All couples argue on occasion - some more than others. At times, these arguments grow to such proportions that the couple doesn’t speak for days. Some arguments can get so bad that they end relationships. A lot of couples tend to avoid arguing as often as possible because they feel that it has negative connotations regarding their relationship. That’s not always the case, however.
When couples argue, it’s generally due to something that they simply cannot agree on and each partner feels equally as strongly about their point of view on the topic. Some of these topics are only made to be serious because one of the partners is too self-centered to understand the meaning of compromise. For instance, suppose your families live a significant distance from you in different directions. This isn’t a huge problem except when it comes to major holidays. You would like to split the holidays so that you spend, for example, Thanksgiving with one family and Christmas with the other one. Then, rotate it the next year. However, your partner refuses to see your point of view and insists that the two of you spend ALL holidays EVERY year with his family. This is good cause for an argument.
There may be other things that couples argue about that are more personal such as money, careers, and sex. When it comes to these topics, the arguments can be constructive and actually serve to resolve the issue at hand. While it’s usually not the best idea to let an issue simply sit and grow without being resolved, sometimes the only way to reach a resolution is by letting things come to a boiling point. You can yell, scream, and curse at each other until you both feel better. Then it’s time to sit down and actually talk reasonably. This is when you can get your partner to really hear what you’re saying as well as you being able to understand where he’s coming from.
Arguing doesn’t have to be a bad thing in relationships. If you use your disagreements to make needed improvements to your relationship, it will be much easier to keep things on an even path. Of course, there will always be some debates. After all, not everyone thinks or believes the same way about all things, and that’s a great thing because this would be a very boring world to live in if everyone was exactly alike.
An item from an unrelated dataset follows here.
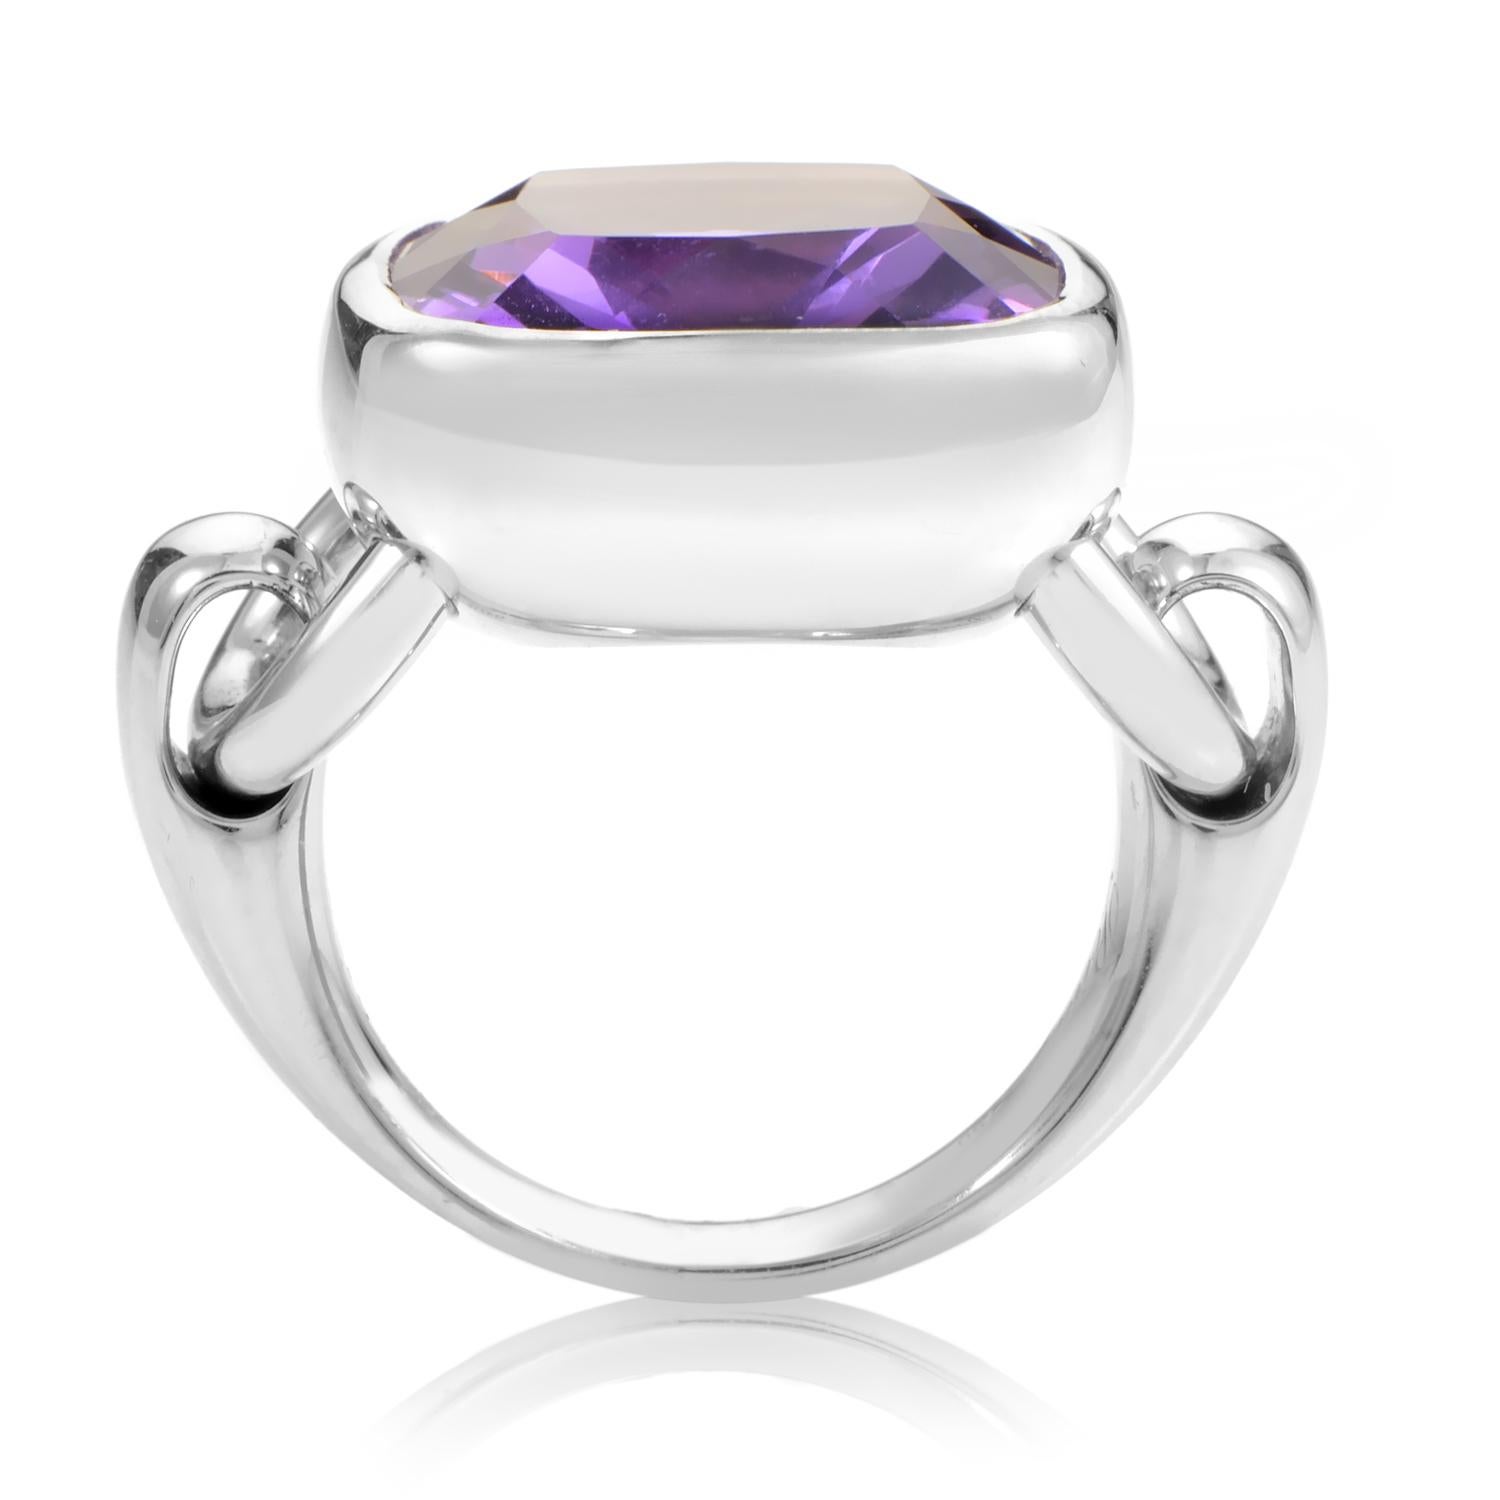 This divine Poiray ring is a pristine example of crisp class. The ring is made of 18K white gold that is specially designed with hinges for a smooth, movable, cushion shaped bezel setting. A faceted amethyst totaling ~8.35ct is beautifully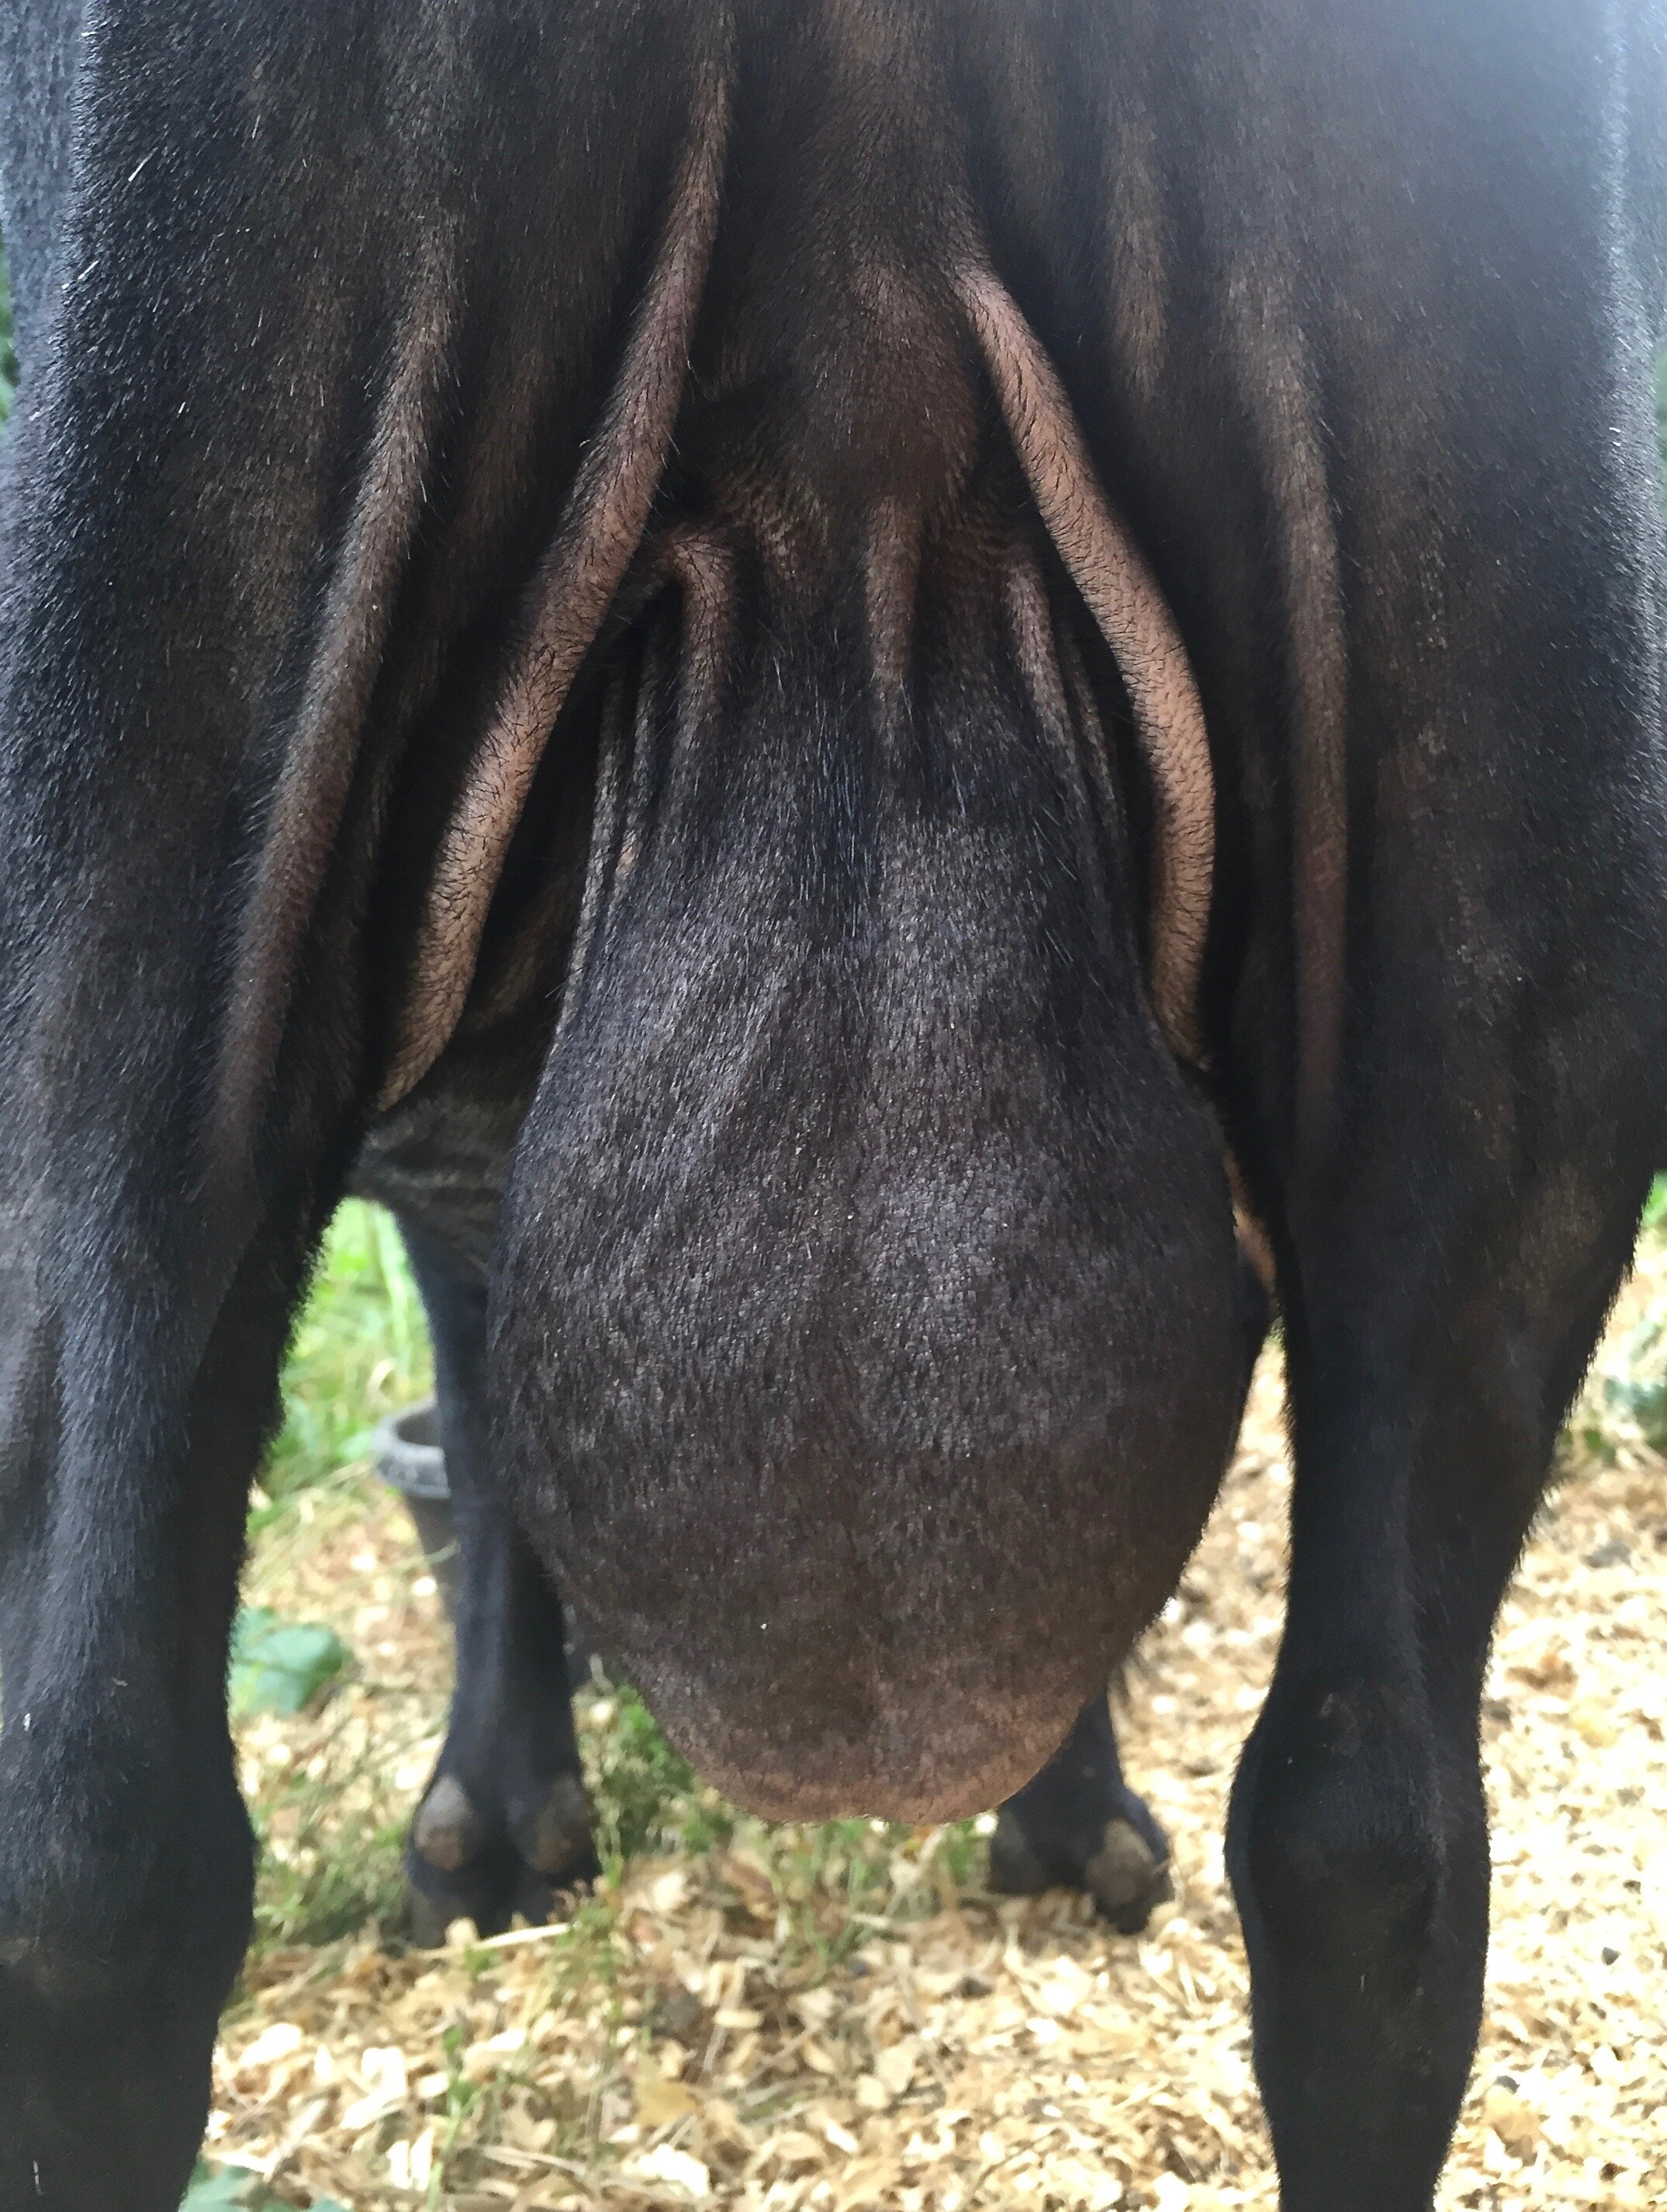 Showing off Herc's wrinkly skin - August 2018

Pick and choose your battles. Not everything is worth turning into a full-fledged debate, which can build into an even larger argument. So when something just isn’t that important to you, let it go and give in. You can even use that in the next issue that comes up for debate. Remind your partner that you let him have his way the last time and you think it’s only fair that you’re allowed to have something the way you want it. Of course, there will be certain things that both of you MUST be happy with such as where to live or what sort of vehicle to get. But those things will be easier to iron out once you’ve got your constructive arguing down to a science.